This tutorial demonstrates how the semantic reasoning module developed in CONVINCE can identify undesired situations at runtime.

All commands use `docker compose` and must be executed from the root of the repository, where `docker-compose.yml` is located.

A video of this tutorial is available on [YouTube](https://youtu.be/xWV7h7M_TRw?si=WKXO4SxqWZpkBg-c).

## The Problem

The robot is tasked with navigating a domestic environment to fetch soda and snacks, delivering them to the fridge one at a time.

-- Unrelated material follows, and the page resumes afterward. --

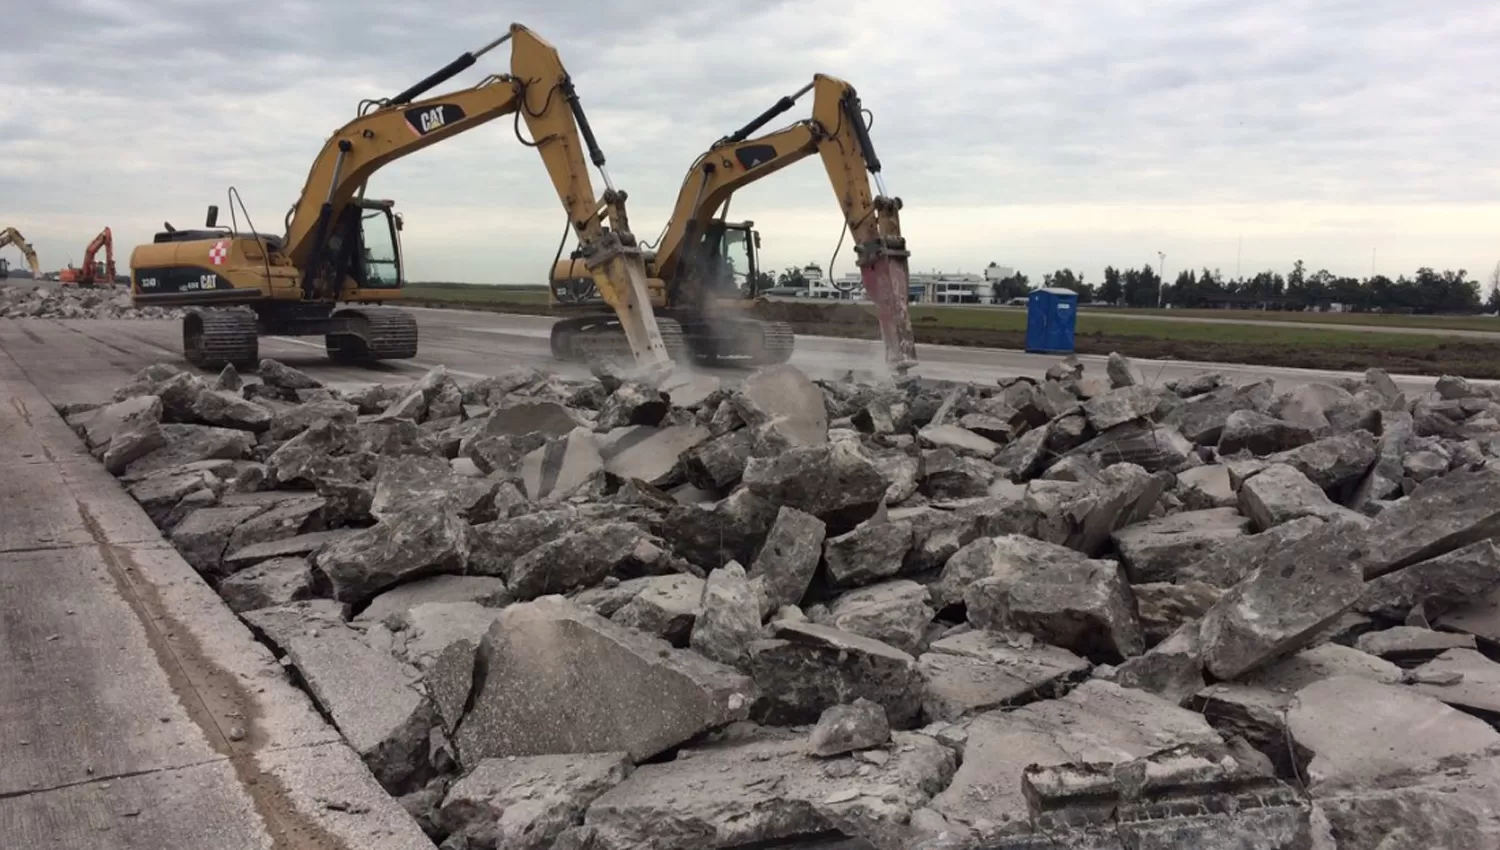 EN MARCHA. Los martillos neumáticos levantan el grueso concreto, que será reemplazado por otra capa más acorde a las necesidades del nuevo aeropuerto de Tucumán. FOTO TOMADA DE TWITTER.COM//FLAP152

![domestic_environment](imgs/pyrobosim.png)

During the execution of a place action, the force measured at the robot's end effector unexpectedly rises, while the gripper's z-position does not decrease to reach the desired place target.

This unexpected situation represents an undesired deviation from nominal operational conditions. It can be formally described as a property in temporal logics, allowing monitoring frameworks like [MOON](https://convince-project.github.io/overview/tutorial_moon.html) to detect when it is violated.

![conceptual_place_property_violation](imgs/srd-conceptual_place_property_violation.png)

Though, detection alone is insufficient to determine the appropriate intervention. Rising force at the end-effector's tip can be due to multiple causes, such as collisions with objects making the place target inaccessible or adversarial human behavior obstructing the robot arm from reaching the target place.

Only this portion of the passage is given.